Ethnic minorities officer Gabi Fullam also spoke in favour of the motion, saying she would like to work to ensure that this does not “whitewash the past” but centres “the voice of people of colour moving forward”.

The union’s gender equality officer Rebecca Kelly spoke in favour, saying: “Our campus needs to reflect every student that walks through its gates every day and having one of our main libraries named after a slave owner is absolutely unacceptable.”

Responding to a question which asked whether this could be extended to a statue of former Provost George Salmon, who supposedly declared “​​over my dead body will women enter this college”, Keogh said: “Absolutely”.

“This motion sets that precedent and if we want something specific to that we can absolutely bring it back to council”, she said.

“I’m actually raising this particular item. I’m on Trinity’s Colonial Legacies group … they endeavour to address issues such as this”, she added.

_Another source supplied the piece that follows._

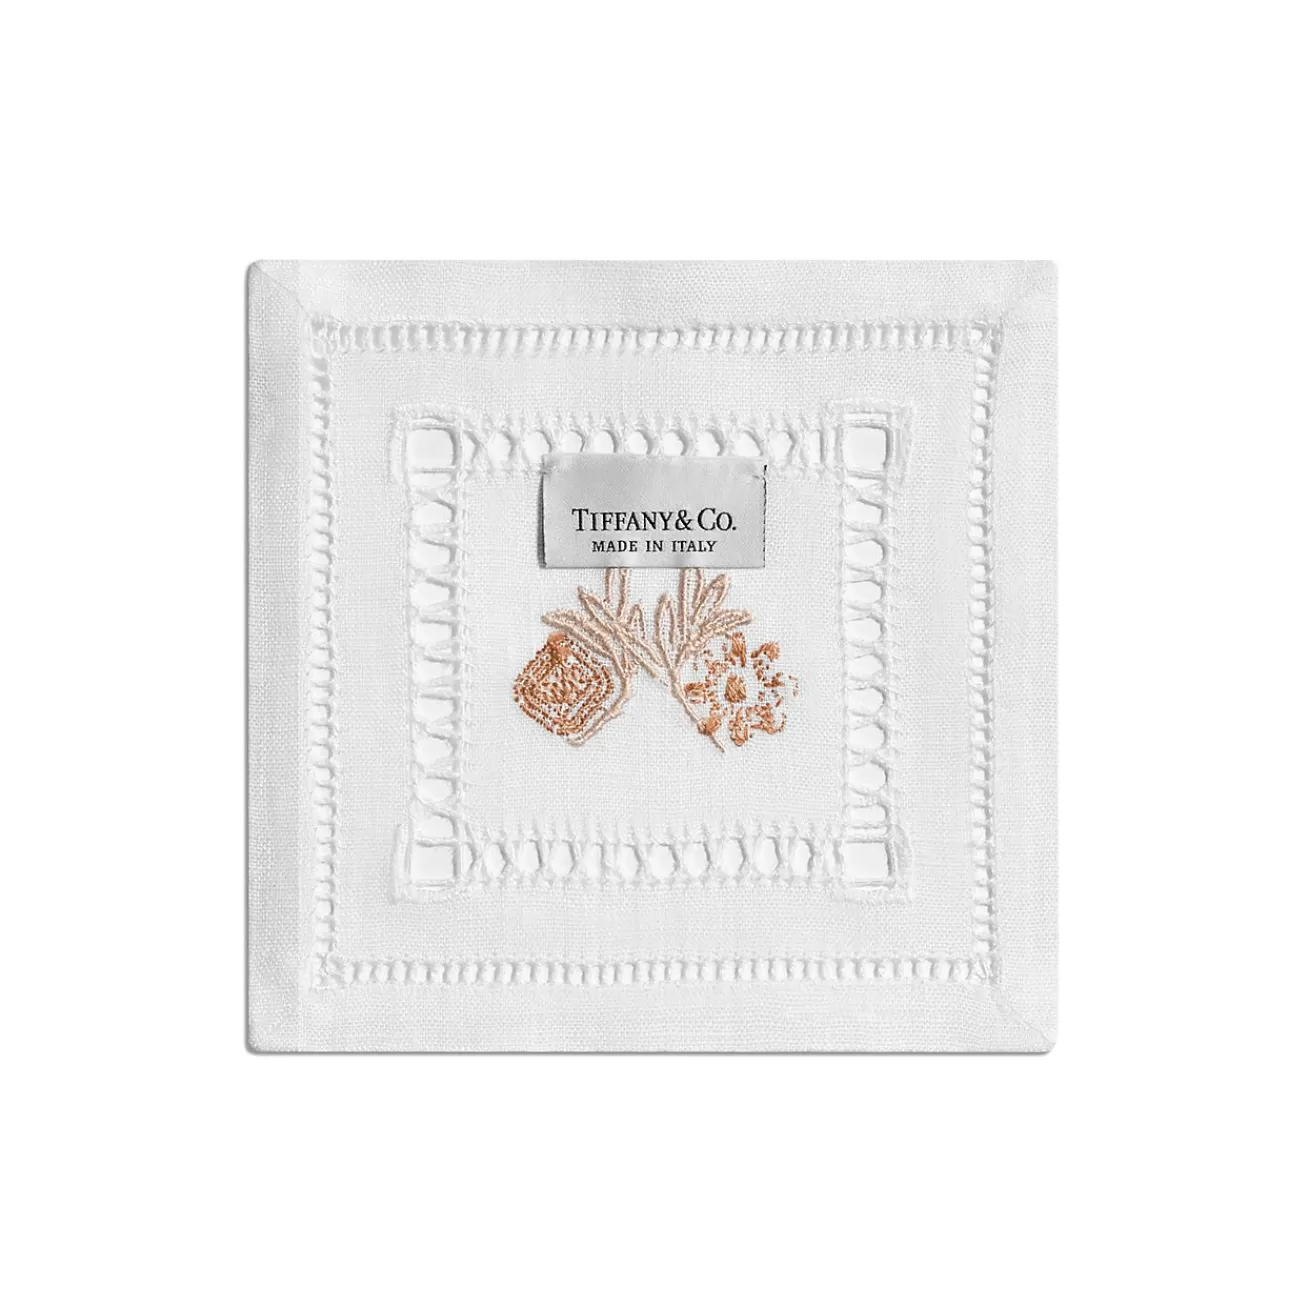 Tiffany & Co. Tiffany Heritage Coasters Set of Four, in Carnelian Linen | ^ Table Linens
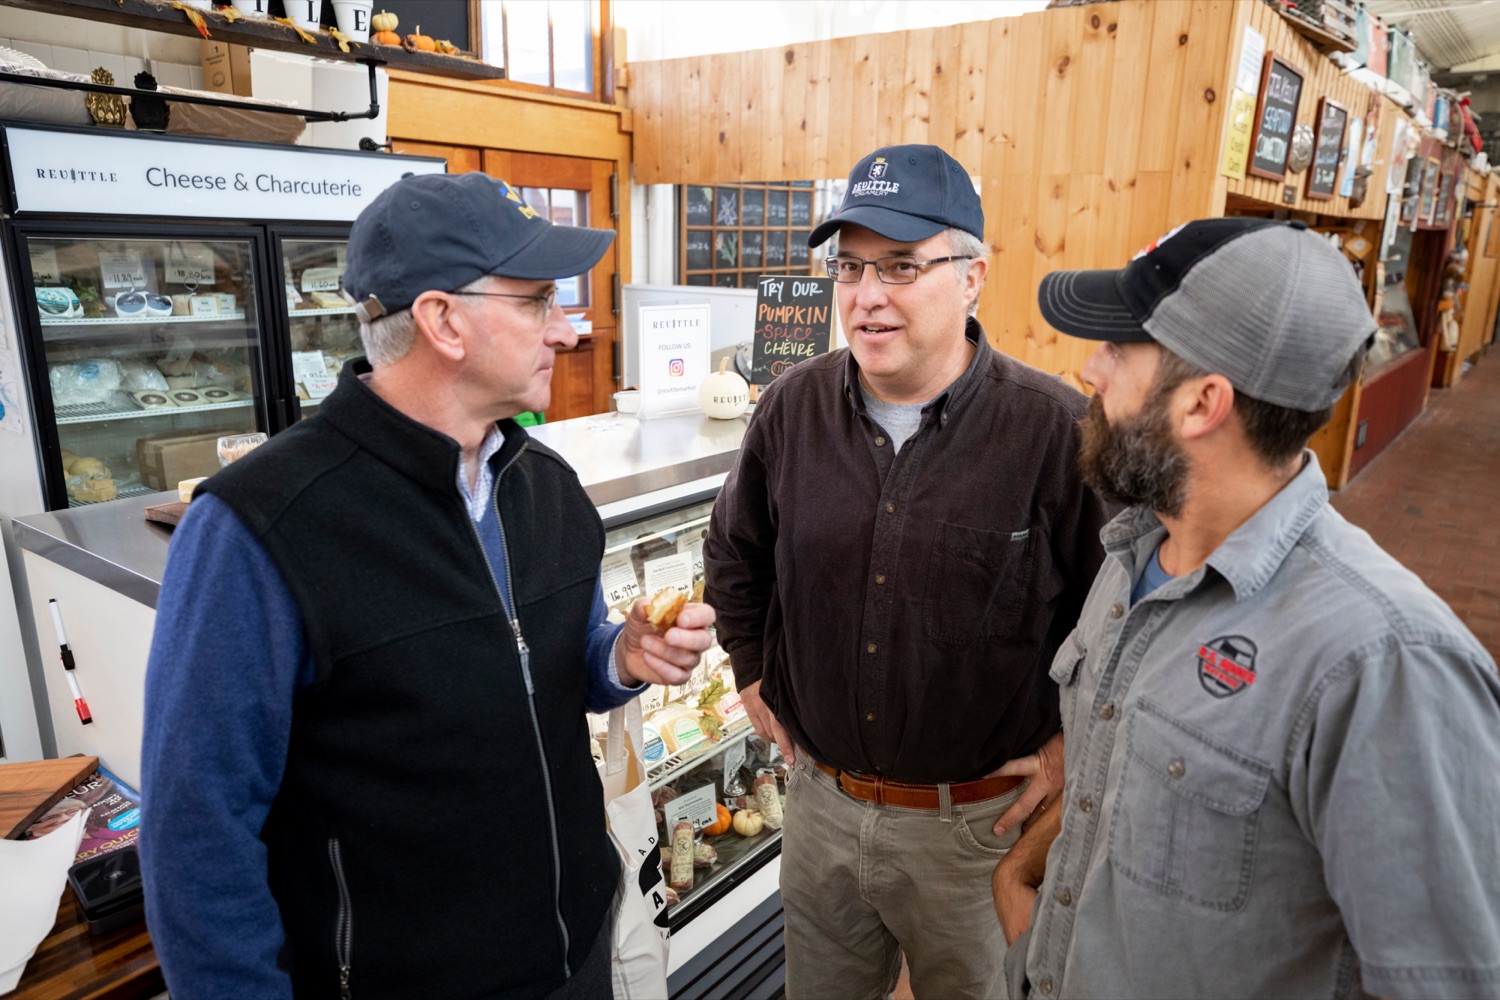 Pennsylvania Department of Agriculture Secretary Russell Redding talks with Mark Zimmerman, owner of Revittle Market, center, and Ryan Hummer, owner of R.G. Hummer Meat & Cheese, right, while grocery shopping for Thanksgiving dinner inside Broad Street Market on Thursday, November 21, 2019.<br><a href="https://filesource.amperwave.net/commonwealthofpa/photo/17546_AGRIC_Buy_Local_NK_024.JPG" target="_blank">⇣ Download Photo</a>

The motion stated that: “The findings of much research conclude that the philosopher and bishop, George Berkeley had a problematic and controversial relationship with enslavement during his time in the United States.”

“Between the years 1728 and 1731, Berkeley purchased a number of enslaved people to work on his plantation in Rhode Island and gave sermons, and thus moral countenance, to defending the general practice of enslavement”, it added.

The motion acknowledged the efforts of College’s Colonial Legacies Project in working to raise awareness of the “problematic elements” associated with Berkeley but stressed that action must be taken against “Berkeley’s continued glorification and amplification”.